===== Listed records
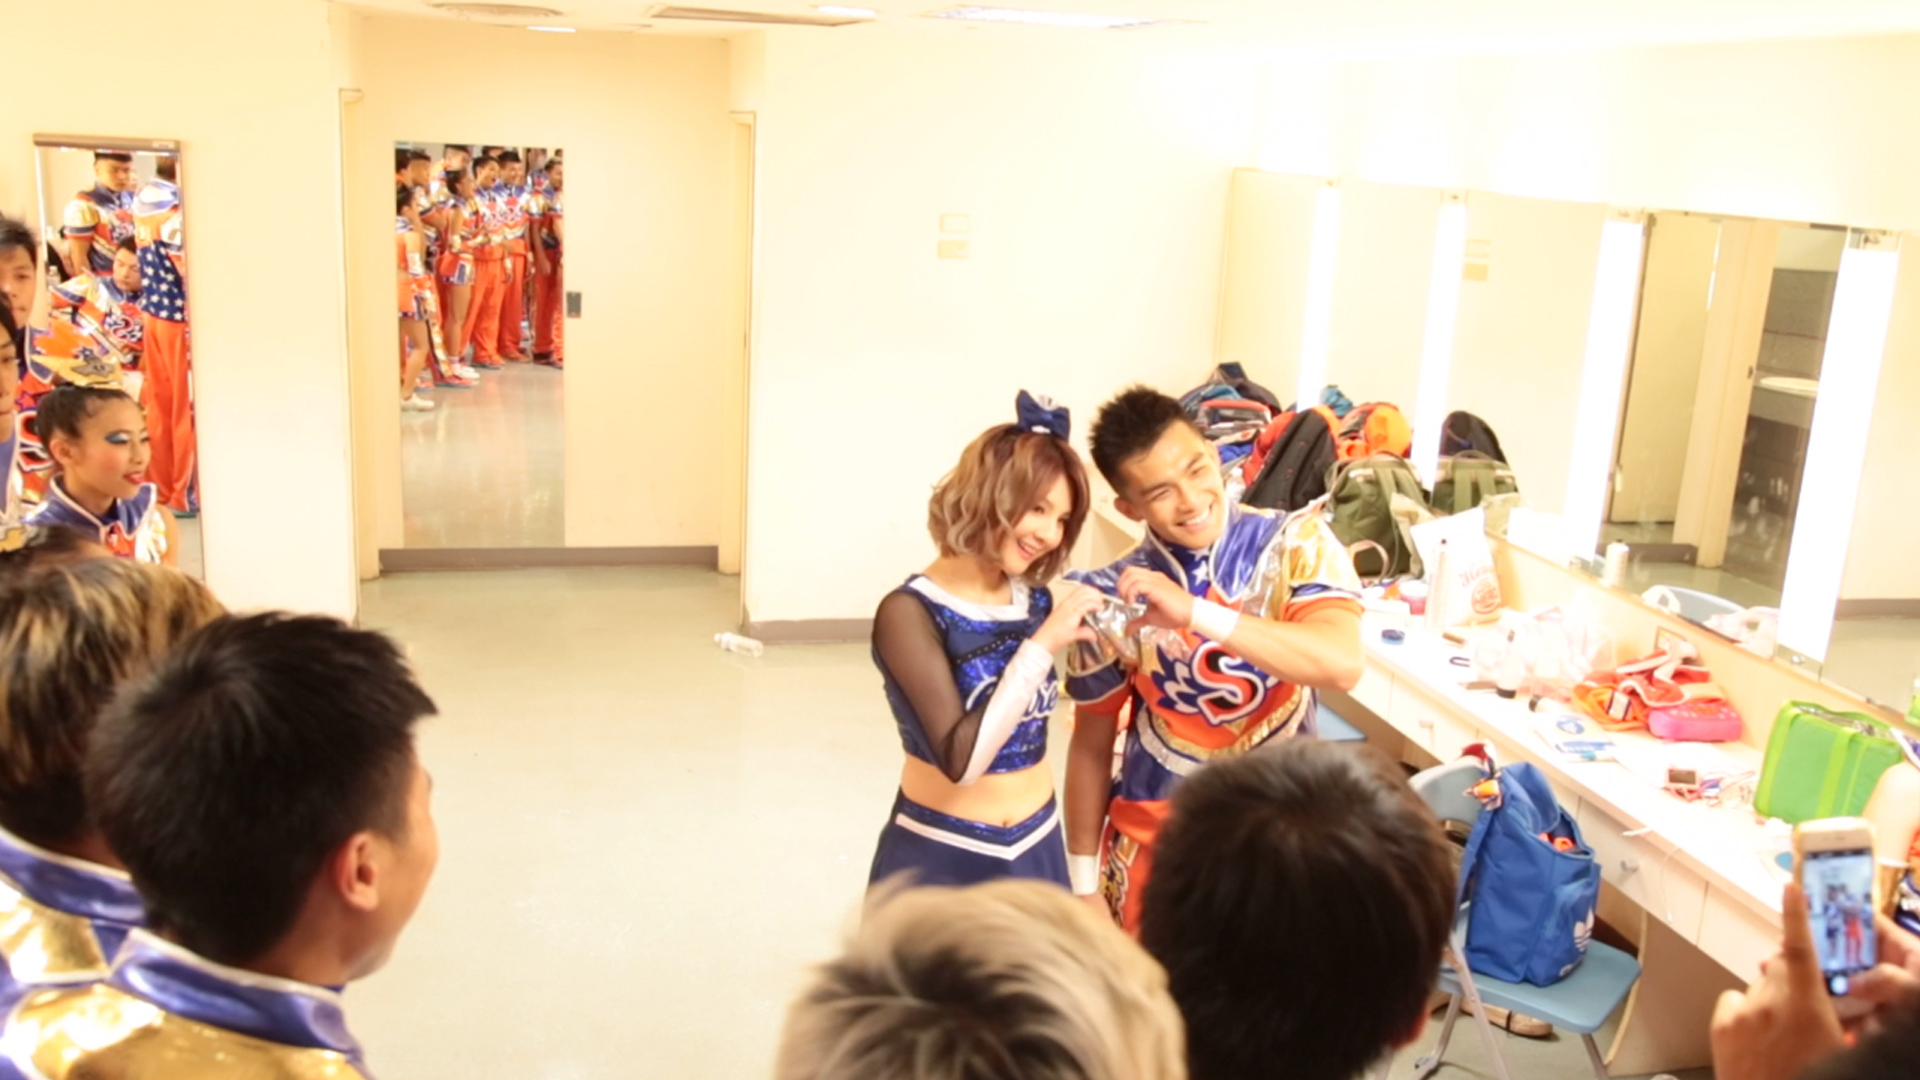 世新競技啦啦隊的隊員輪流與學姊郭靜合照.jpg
==========
===== Listed records
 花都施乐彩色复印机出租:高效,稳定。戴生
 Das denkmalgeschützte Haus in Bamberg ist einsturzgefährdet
==========
#### Try it
Retype, exactly and in full, the lines above from the one containing "花都施乐彩色复印机出租:高效,稳定。戴生" through the one containing "Das denkmalgeschützte Haus".

#### Output of the exercise
 花都施乐彩色复印机出租:高效,稳定。戴生
 Das denkmalgeschützte Haus in Bamberg ist einsturzgefährdet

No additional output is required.